Overview
Sailor-1.8B-Chat is a 1.8 billion parameter instruction-tuned language model developed by sail, designed with a strong focus on South-East Asian (SEA) languages. Built upon the Qwen 1.5 architecture, this model is part of a suite of Sailor models ranging from 0.5B to 14B parameters. It has been continually pre-trained and fine-tuned using a combination of public datasets, with careful data curation and deduplication to enhance performance in SEA languages.
Key Capabilities
- Multilingual Proficiency: Optimized for Indonesian, Thai, Vietnamese, Malay, and Lao, while retaining strong performance in English and Chinese.
- Instruction Following: Fine-tuned with open-source instruction datasets like aya_collection, aya_dataset, and OpenOrca for chat-based applications.
- Reasoning and QA: Benchmarking results indicate proficiency in tasks such as question answering and commonsense reasoning.
Training Details
The model underwent continuous pre-training from Qwen 1.5, leveraging large public corpora including SlimPajama, SkyPile, CC100, and MADLAD-400. The training involved 200-400 billion tokens, with systematic experiments to balance language weights, ensuring robust performance across its target languages without significant compromise on English and Chinese capabilities.
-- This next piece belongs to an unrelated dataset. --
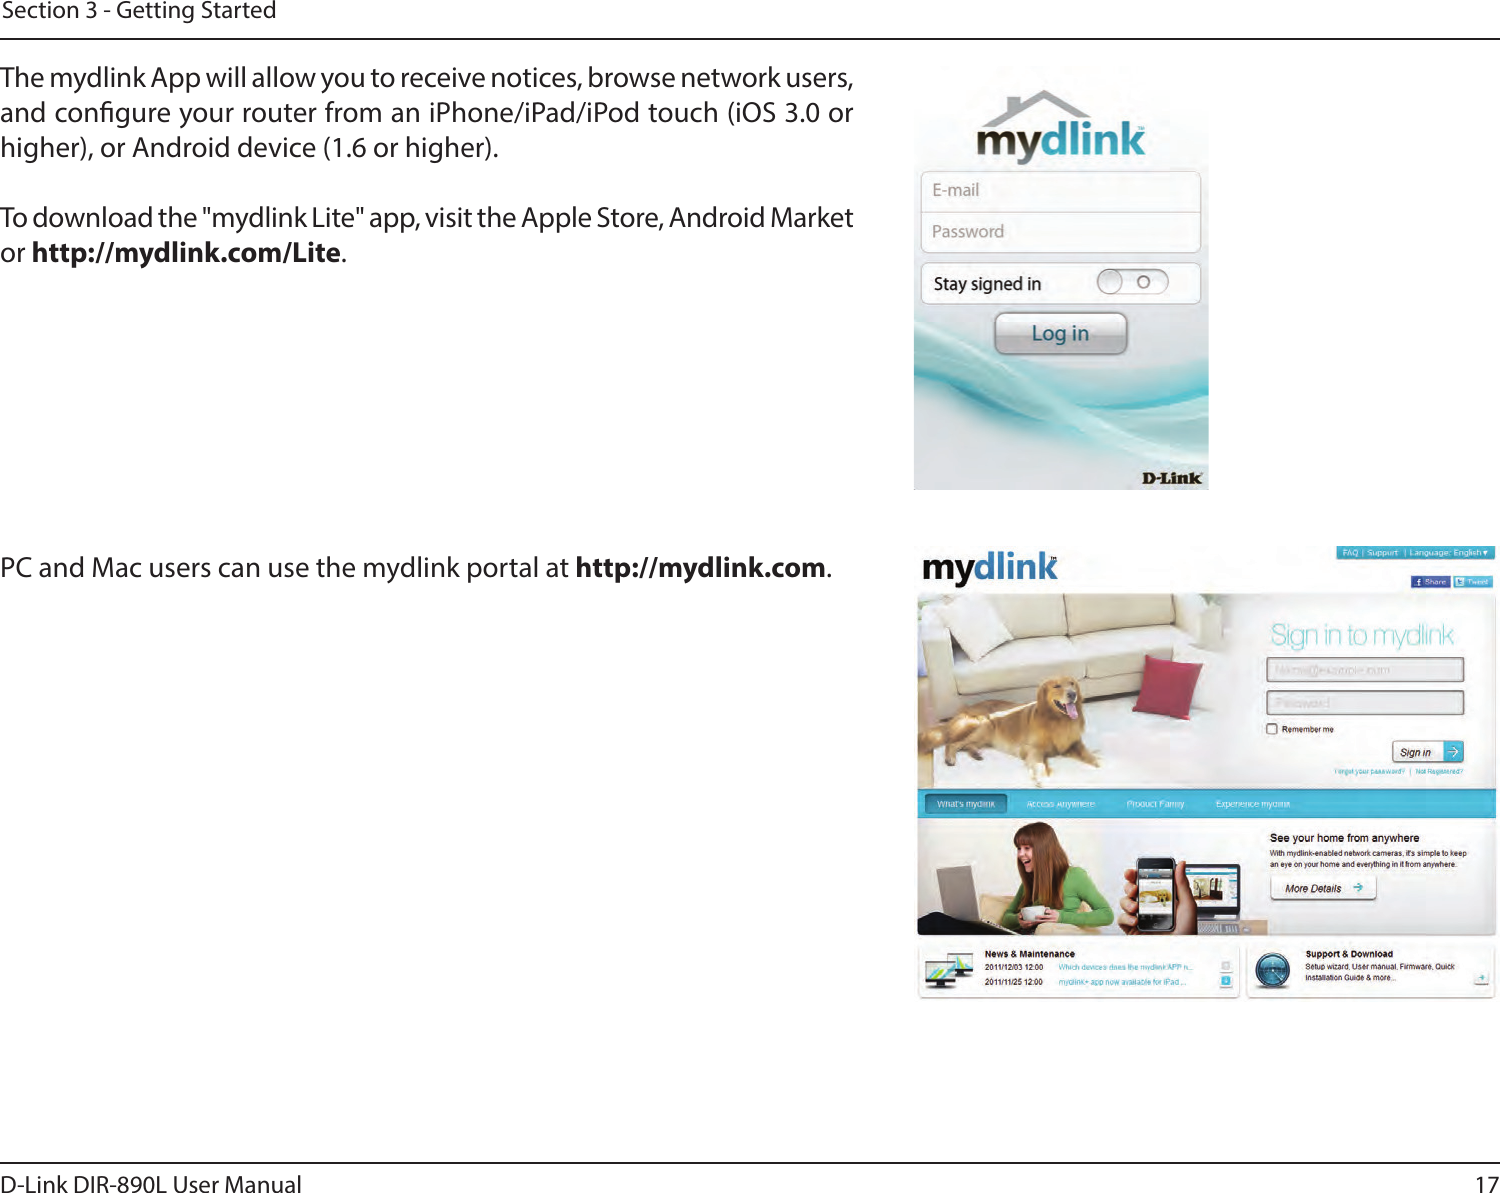 17D-Link DIR-890L User ManualSection 3 - Getting StartedThe mydlink App will allow you to receive notices, browse network users, and congure your router from an iPhone/iPad/iPod touch (iOS 3.0 or higher), or Android device (1.6 or higher).To download the &quot;mydlink Lite&quot; app, visit the Apple Store, Android Market or http://mydlink.com/Lite. PC and Mac users can use the mydlink portal at http://mydlink.com.

A technical report is available for more details: arxiv.org/pdf/2404.03608.pdf.
Good For
- Applications requiring strong language understanding and generation in South-East Asian languages.
- Chatbots and conversational AI systems targeting users in Indonesia, Thailand, Vietnam, Malaysia, and Laos.
- Research and development in multilingual NLP, particularly for low-resource SEA languages.